In the summer of 2023, Browning and her team visited Bebe at her training facility in Rome to better understand the problem. They asked Bebe to show them the different types of moves she performs to strike an opponent or defend herself, to see all the ways her fencing foil might be contacted and relaying vibrations through her arm and body. The team outfitted Bebe’s foil and her prosthetic with special sensors, and then measured her foil strikes. The engineers learned that Bebe’s pain issue wasn’t a matter of just one specific vibration frequency, but of all the resonant frequencies of the system. If you’ve ever hit a foul ball off a baseball pitch where the ball hits the knob of the bat, you know the feeling. It's the shiver that runs up your hand, your entire arm, and through your shoulder. That’s similar to what Bebe was feeling over and over again as her fencing foil connected with her opponent’s.
Now that the problem was clear, the next goal was specific: reduce the foil vibrations reaching Bebe.

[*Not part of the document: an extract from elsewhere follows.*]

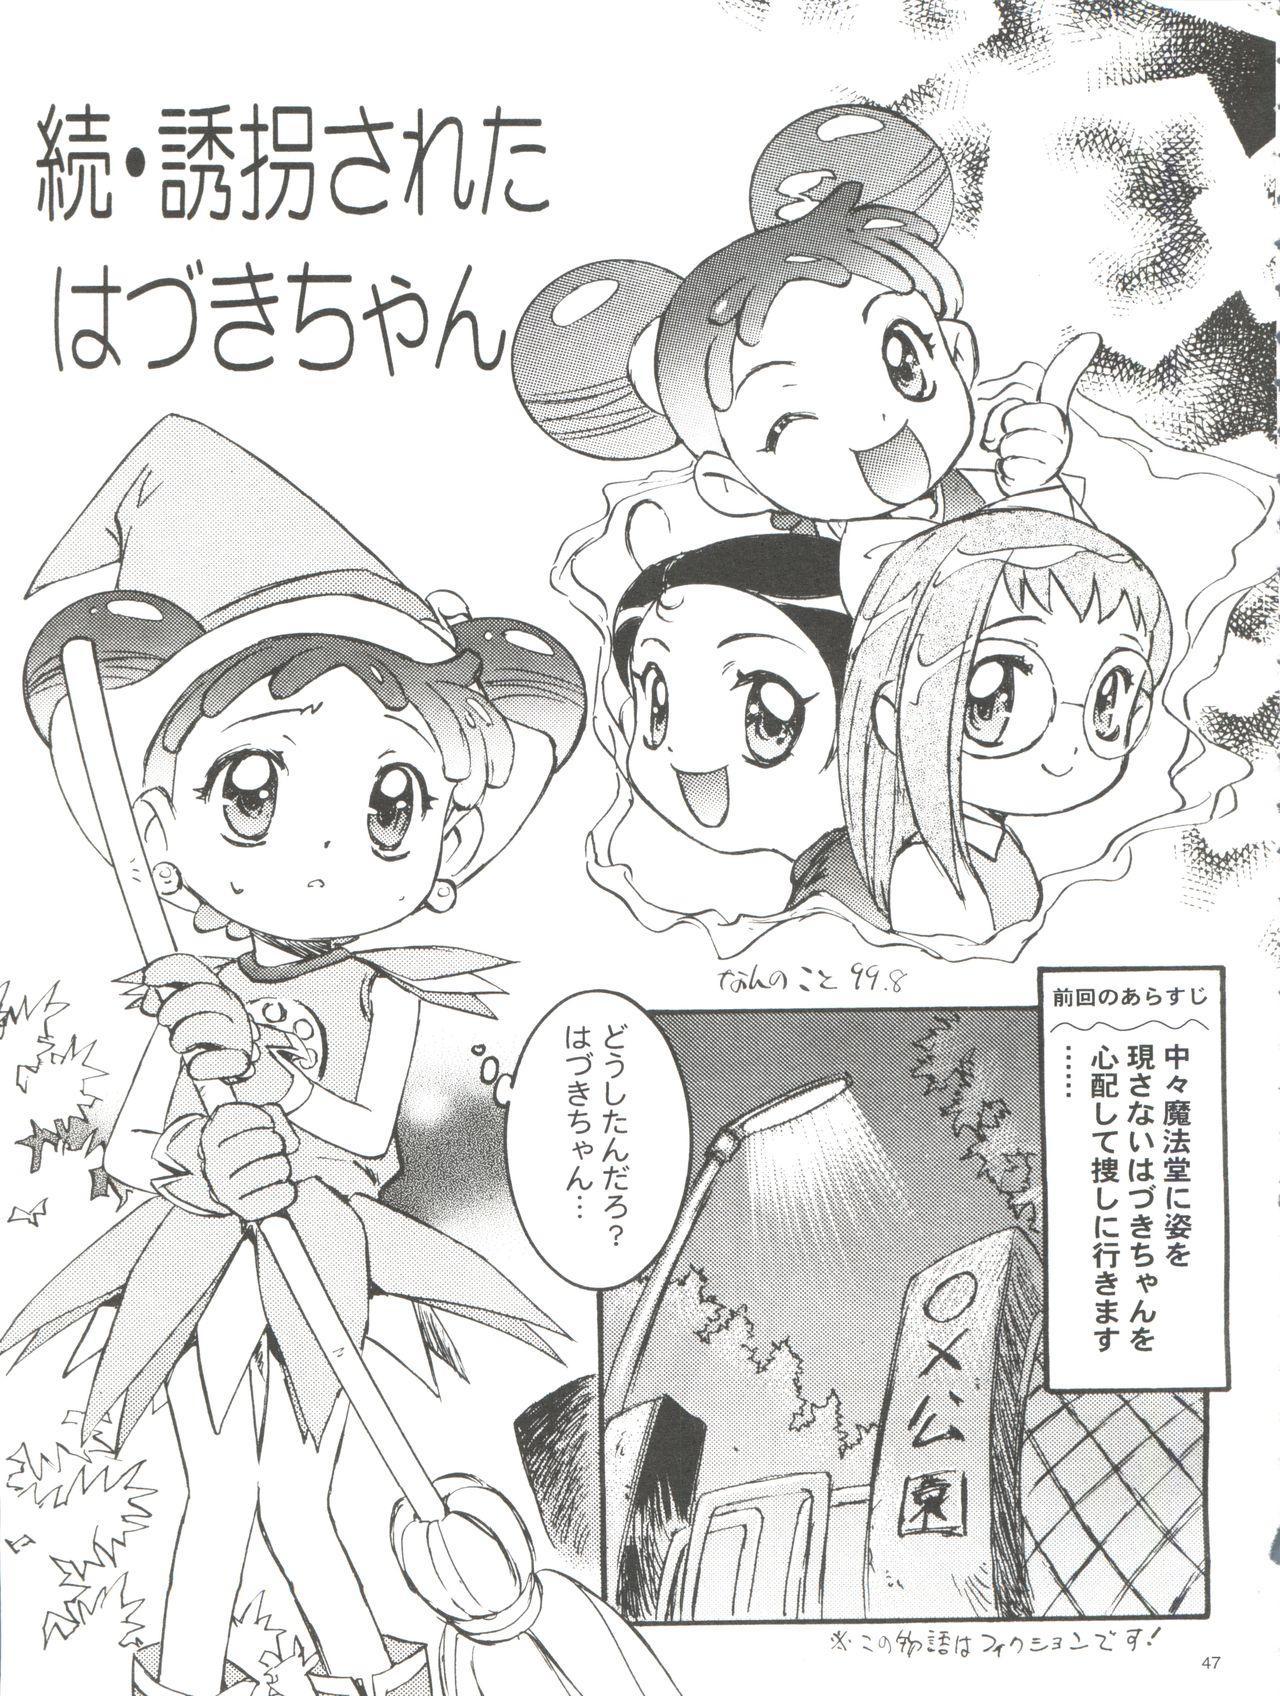 Wanpaku Anime Daihyakka Nanno Koto Jisensyuu Vol. 1 48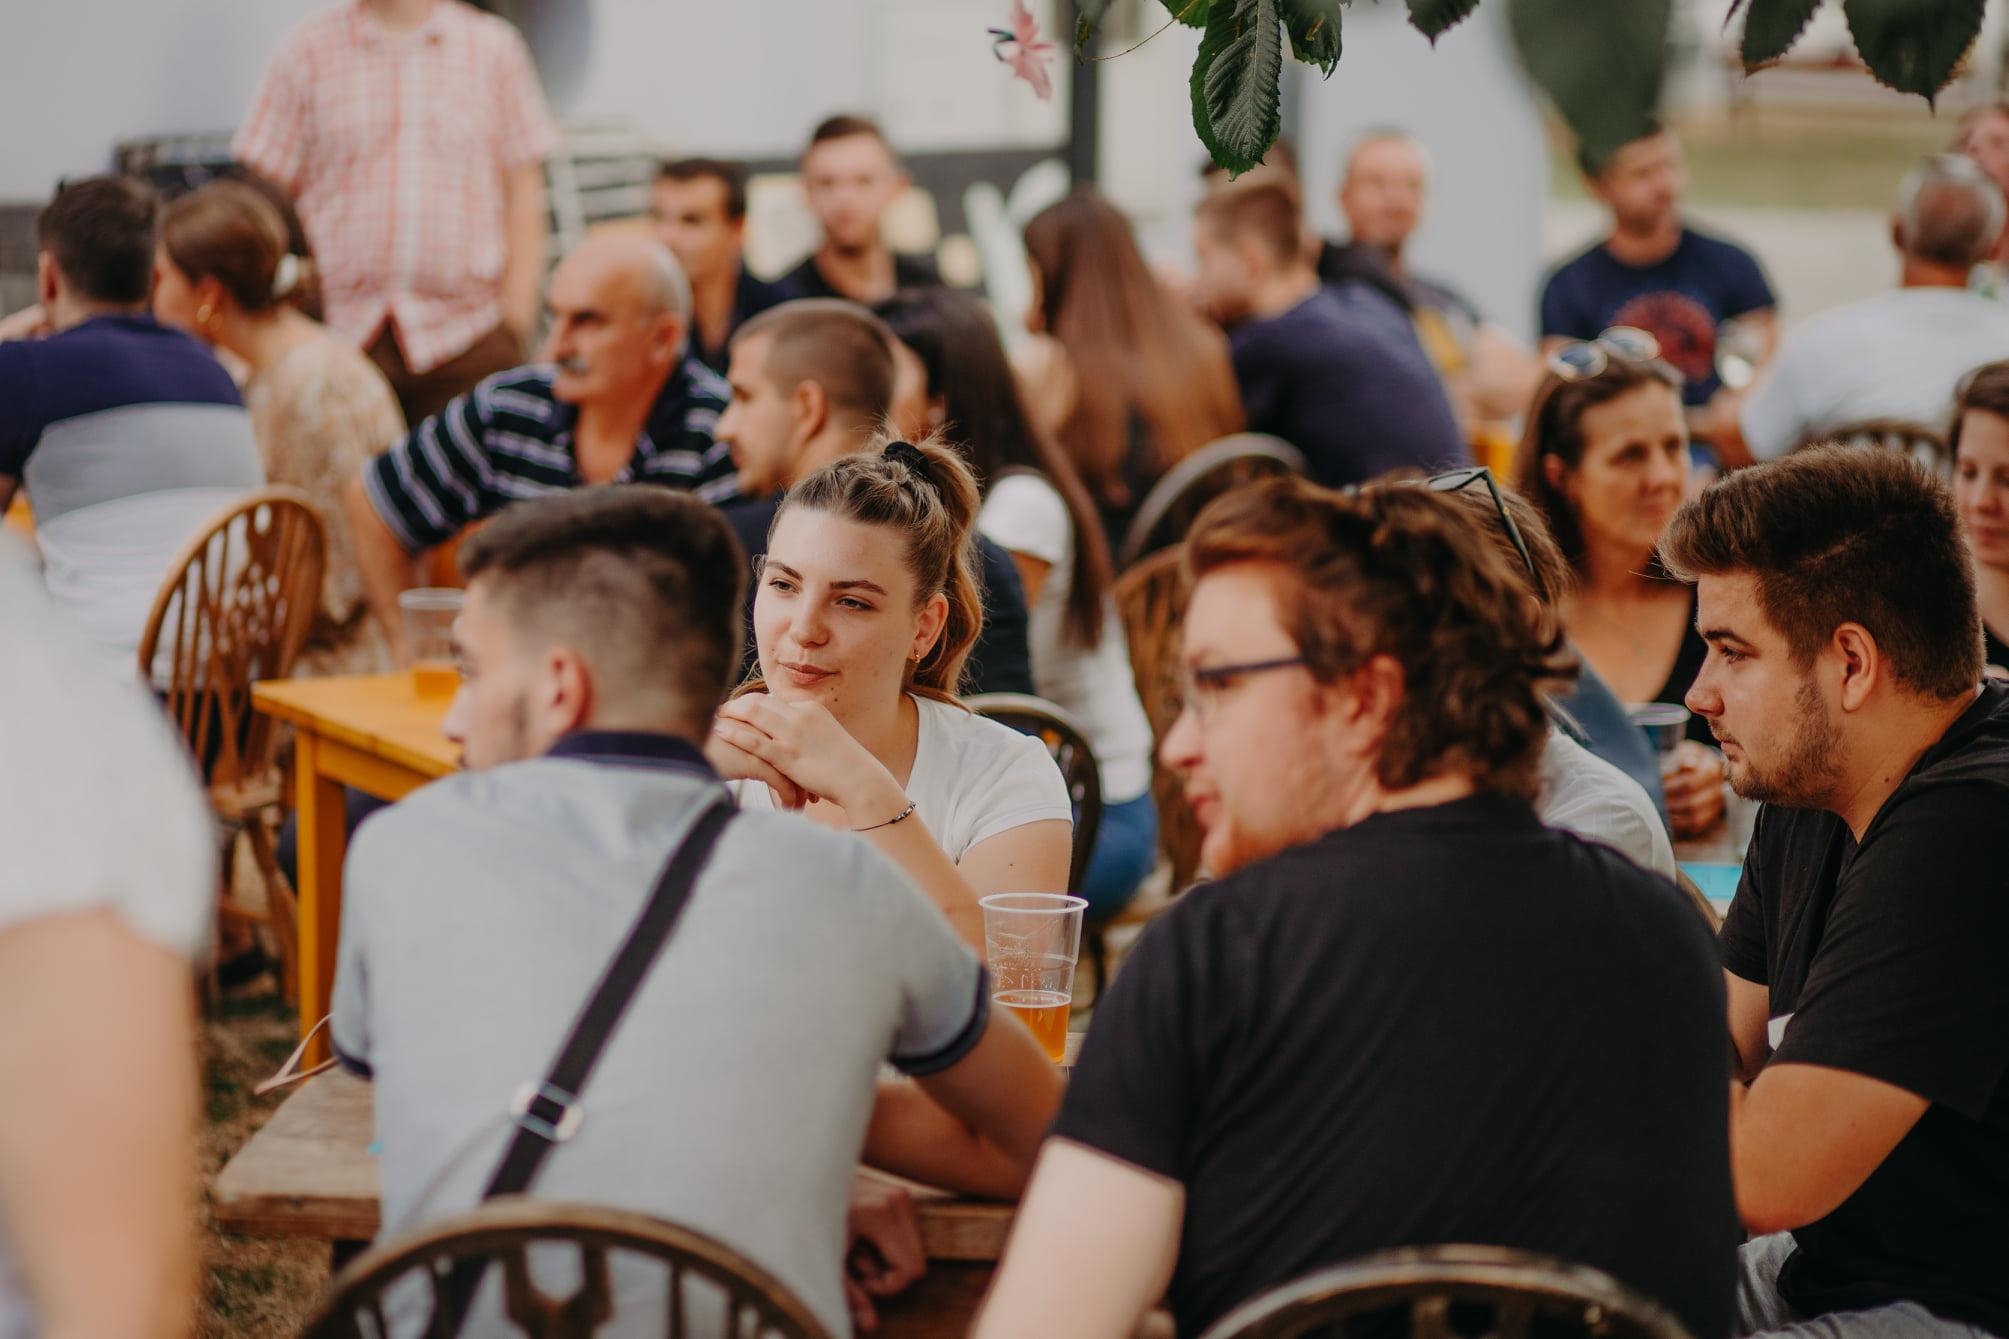 Ljetni pub kviz 2021

“When we began problem-solving, we didn’t set out to make a completely new prosthetic,” says Browning. “It was important to adapt whatever we made to work with Bebe’s existing equipment, so she didn’t need to make too many changes all at once.” Browning explains that Bebe’s foil blade is regulated by her fencing federation, so it couldn’t be changed.
Behind the hilt of the foil, however, where there would usually be a handle, Bebe was allowed a custom connector to join her fencing prosthesis directly to her foil. That customization is what enables her to fence without a hand. In fact, Bebe is the only athlete in the world who fences with a forearm prosthesis. It was Bebe’s father — an engineer himself — who created her original system that enabled Bebe to continue fencing after her meningitis. Bebe is now so familiar with her fencing prosthesis and her control of the fencing foil, it feels like she’s using her own hand.
“The weight of the new prosthetic we built, its composition, the way it travels throughout space — it had to match what Bebe was used to,” Browning says.